При расследовании в Бордо проблема для суда заключалась прежде всего в том, что треть личного состава 3-й роты состояла из эльзасцев, которые были призваны в войска СС, и что именно взвод эльзасцев был задействован в районе церкви в деревне Орадур-сюр-Глан.
Поскольку Франция, согласно нормам международного права, никогда не признавала воссоединение Эльзаса с рейхом, то получается, что в случае с этими эльзасцами речь шла о французах, которые сражались на стороне противника и как исполнители приказа в решающей степени принимали участие в содеянном в Орадуре. Какая же это была трагедия для этих людей!
Еще одна проблема заключалась в том, что некоторые из этих эльзасцев после войны стали солдатами французской армии, много лет воевали в качестве унтер-офицеров в Индокитае и были кавалерами французских орденов за отвагу. Однажды и они предстали перед трибуналом в Бордо – во французской военной форме.
Однако вскоре после этого в Эльзасе поднялась резкая волна протеста. Депутаты от Эльзаса в Национальном собрании Франции в категорической форме потребовали освободить всех эльзасцев, которые были призваны в войска СС, чтобы не вызвать в Эльзасе опасного изменения политической обстановки.
Насколько чувствительно реагировала Франция в этом отношении, показывает то обстоятельство, что вскоре эти эльзасцы – за исключением одного, добровольно вступившего в войска СС, – были освобождены. Для эльзасцев это было очень отрадно, а для их немецких товарищей из 3-й роты, как с общечеловеческой, так и с юридической точки зрения, это стало ярким примером несправедливости, так как их, так же как и эльзасцев, призвали в войска СС. Трудности возникли также из-за того, что примерно половина немцев, находившихся в предварительном заключении, на момент совершения преступления не достигла совершеннолетия и, следовательно, не могла нести уголовную ответственность.

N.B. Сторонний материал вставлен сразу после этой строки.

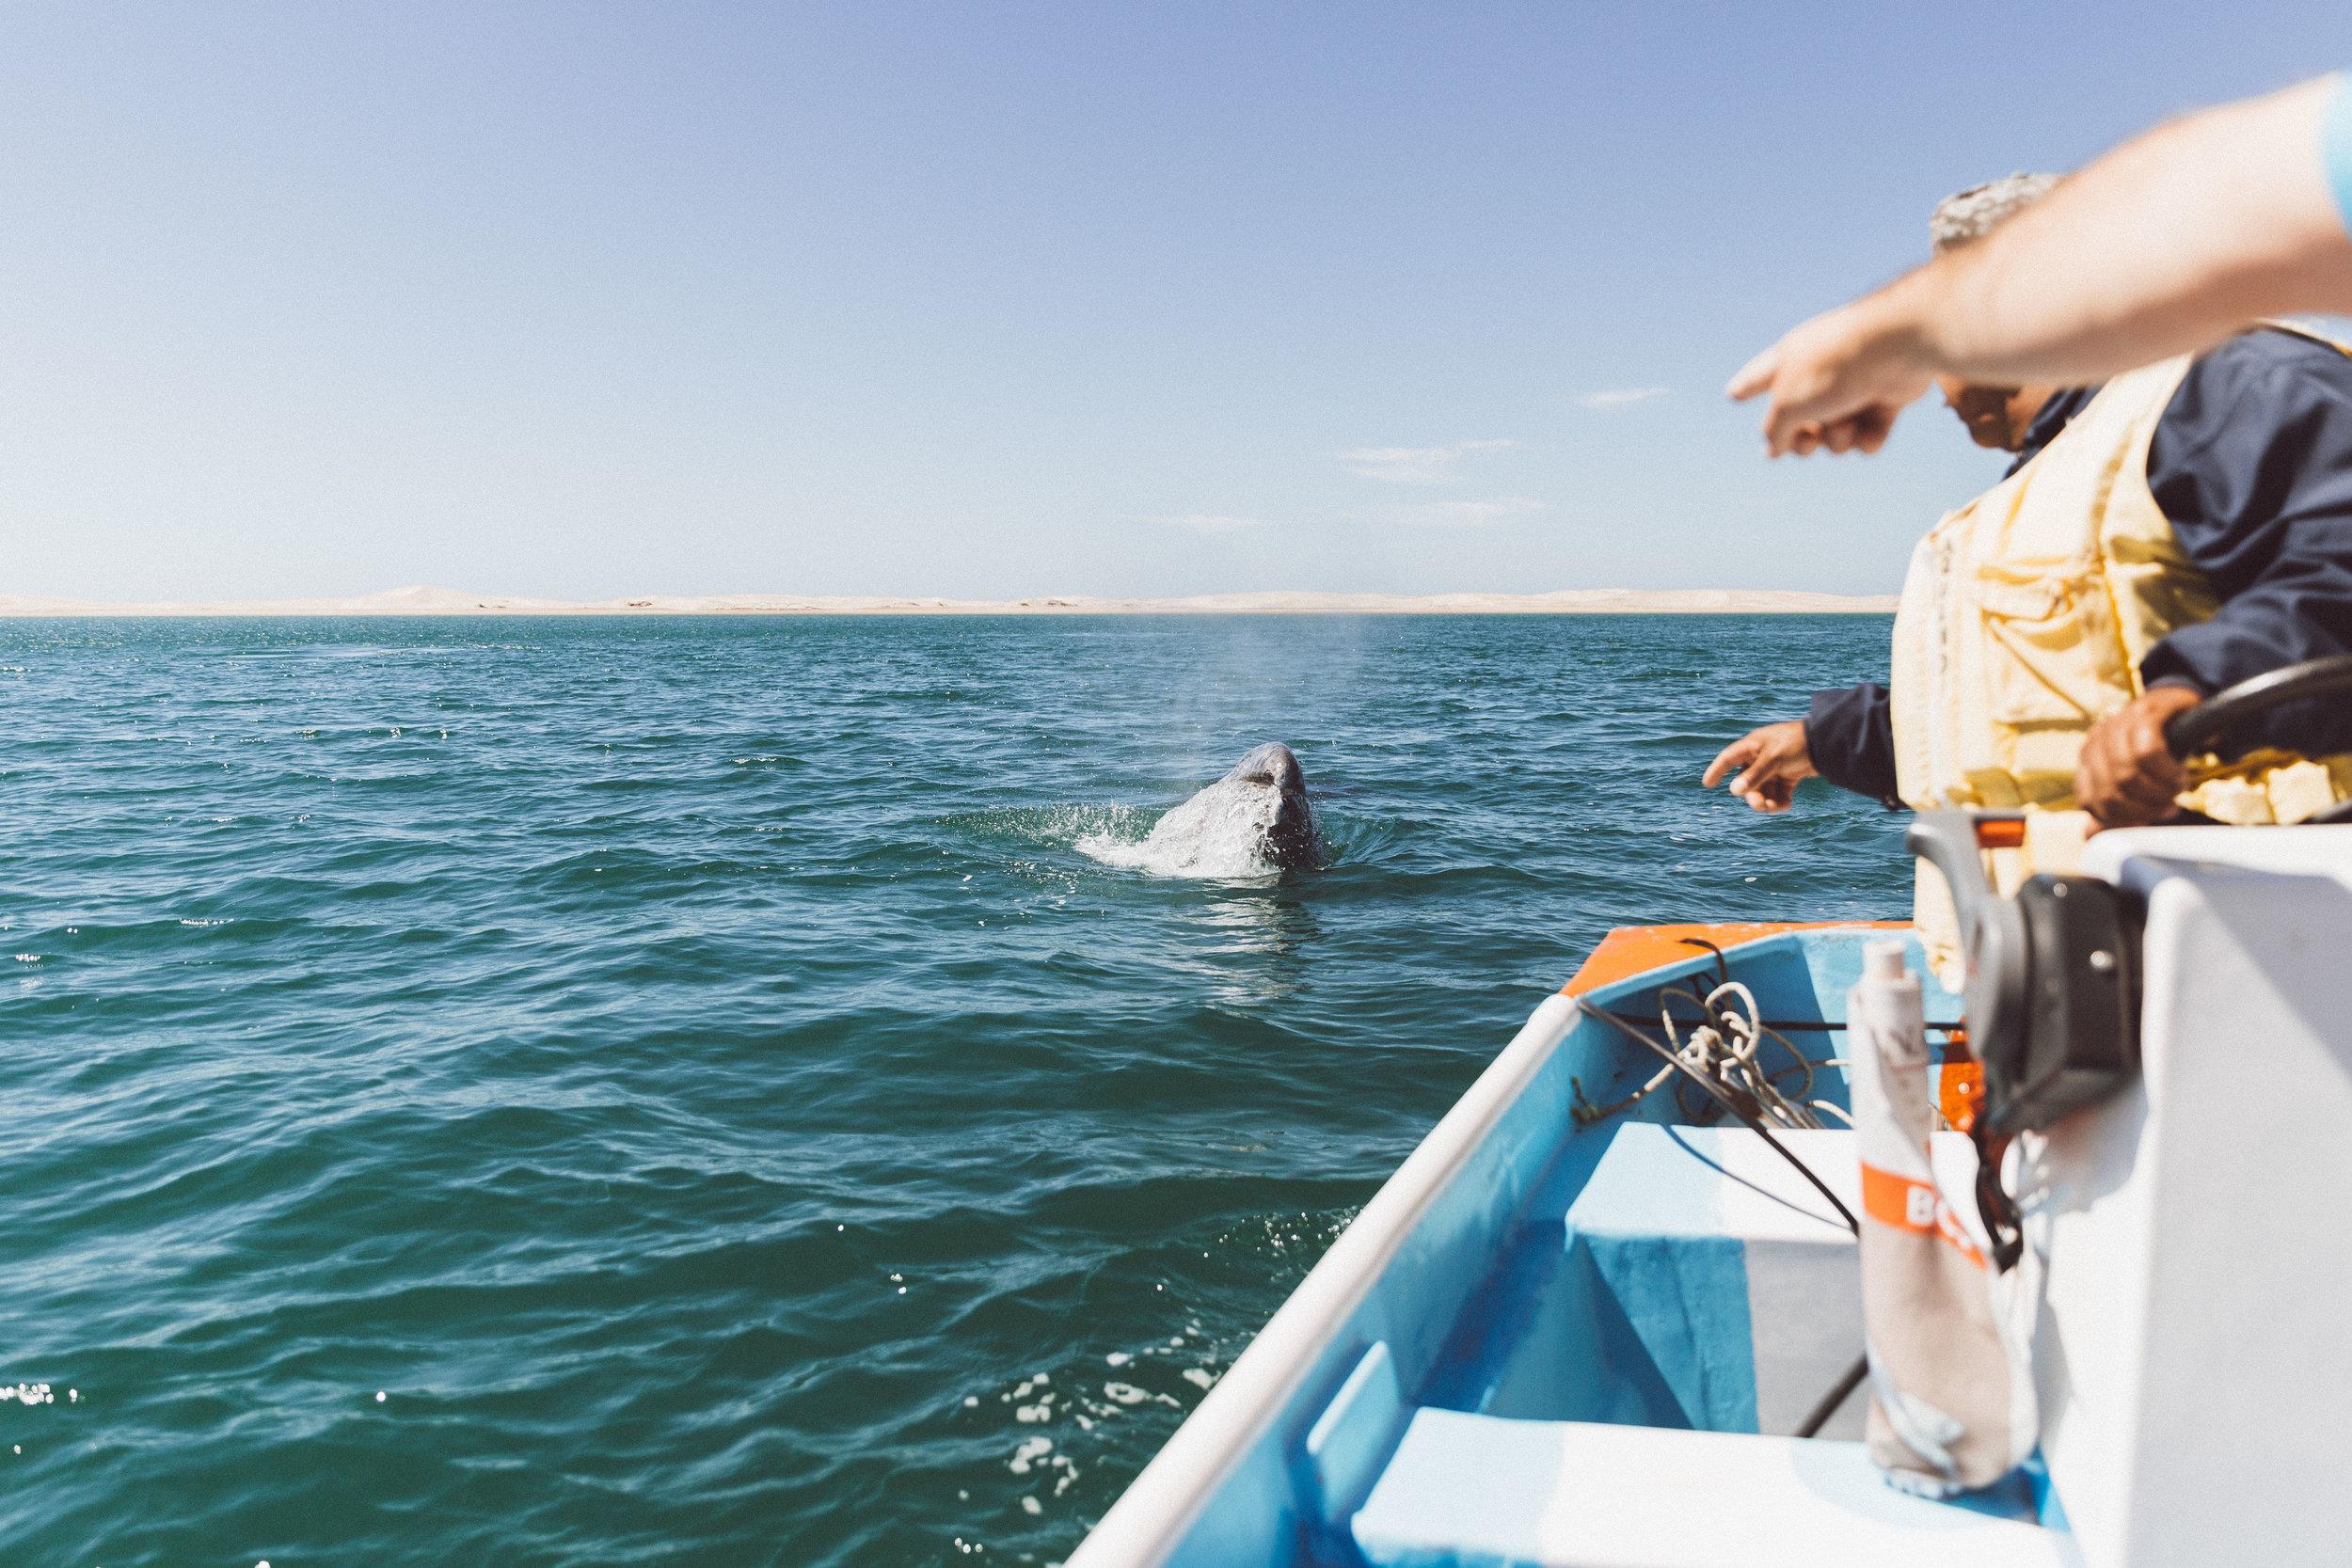 whale-wathcing-mexico-samlandreth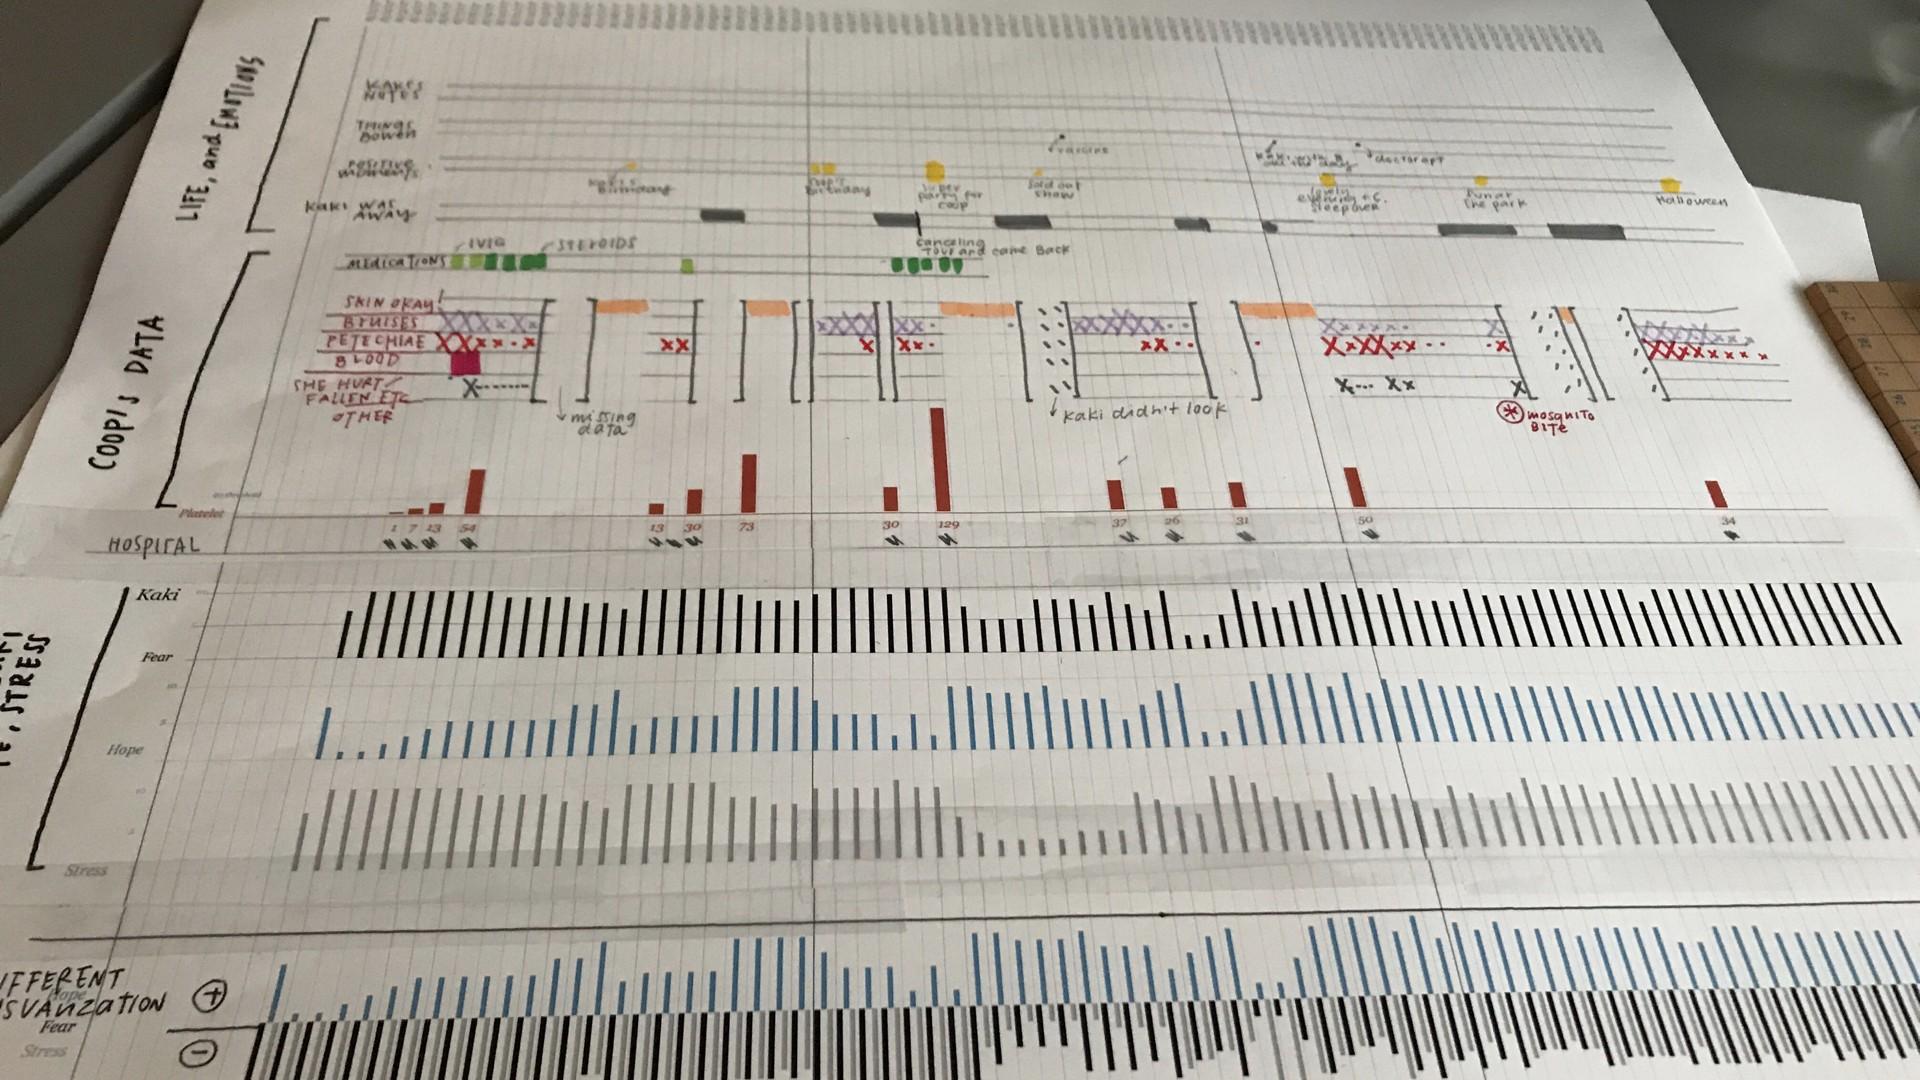 My working sheet as interpreting Kaki's data collection

Автор этих строк справлялся в Бордо у солдат 3-й роты, в каком душевном состоянии находился штурмбаннфюрер СС Дикман в Орадуре. Они все в один голос утверждали, что он ходил по деревенской улице взад и вперед с таким выражением холодной, яростной решимости, был так раздражен и напряжен, что никто не мог решиться на то, чтобы не подчиниться его приказу. Таким образом, все эти солдаты столкнулись с явным противоправным приказом.
Как же ужасна война, которая ставит молодых, ничем себя не запятнавших и еще несовершеннолетних юношей перед такой непростой дилеммой, как конфликт со своей совестью и противоправный приказ, из которой практически нет выхода! Никто из них в гражданской жизни никогда бы не попал в такую страшную ситуацию.
Что же касается поджога Орадура, то здесь для Дикмана, видимо, определяющую роль сыграл «приказ Шперрле» (фельдмаршала люфтваффе Хуго Шперрле сам Гитлер однажды назвал одним из своих двух наиболее устрашающе выглядящих военачальников. – Ред.), согласно которому все дома, которые служили укрытием для маки или для хранения оружия и боеприпасов, подлежали немедленному сожжению.
Как в приказе Шперрле, так и в приказе по корпусу быстрые и решительные действия были названы делом первостепенной важности. В приказе Шперрле дословно говорилось следующее: «В связи со сложившейся в настоящее время обстановкой слишком жесткие меры не могут быть основанием для наказания», и это логично: надо немедленно жестко реагировать и только потом докладывать.
Во всяком случае, при знакомстве с французскими источниками можно было сделать вывод, что сначала Дикман строго придерживался приказов. Когда население деревни было собрано на рыночной площади, он потребовал от мэра деревни предоставить ему заложников. Однако мэр, доктор Дезурто, отказался выполнить его требование. После этого, как следует из французских источников, Дикман ушел вместе с ним в мэрию, у северного выезда из деревни. Когда примерно через полчаса он вернулся оттуда, то, перед тем как отдать приказ расстрелять всех мужчин в сараях, стоявших в поле, он выглядел «напряженным и раздраженным» – так его описывали в Бордо солдаты 3-й роты. Об этом же говорилось и в показаниях свидетеля, мадам Тайландье, из Парижа, которая во время проведения этой акции находилась в Орадуре. Газета «Монд» от 28 января 1953 года сообщала о ее показаниях в суде следующее: «Эсэсовцы арестовали ее, но потом им пришлось отпустить ее, никто точно не знает почему. Она сама тоже не знает этого. Сама женщина объясняет это просто тем, что она была родом из Парижа, а это слово, возможно, вызвало у офицера какие-то приятные воспоминания. Но другой офицер заявил: «Здесь убили одного из наших офицеров. Поэтому сейчас мы всех поставим к стенке».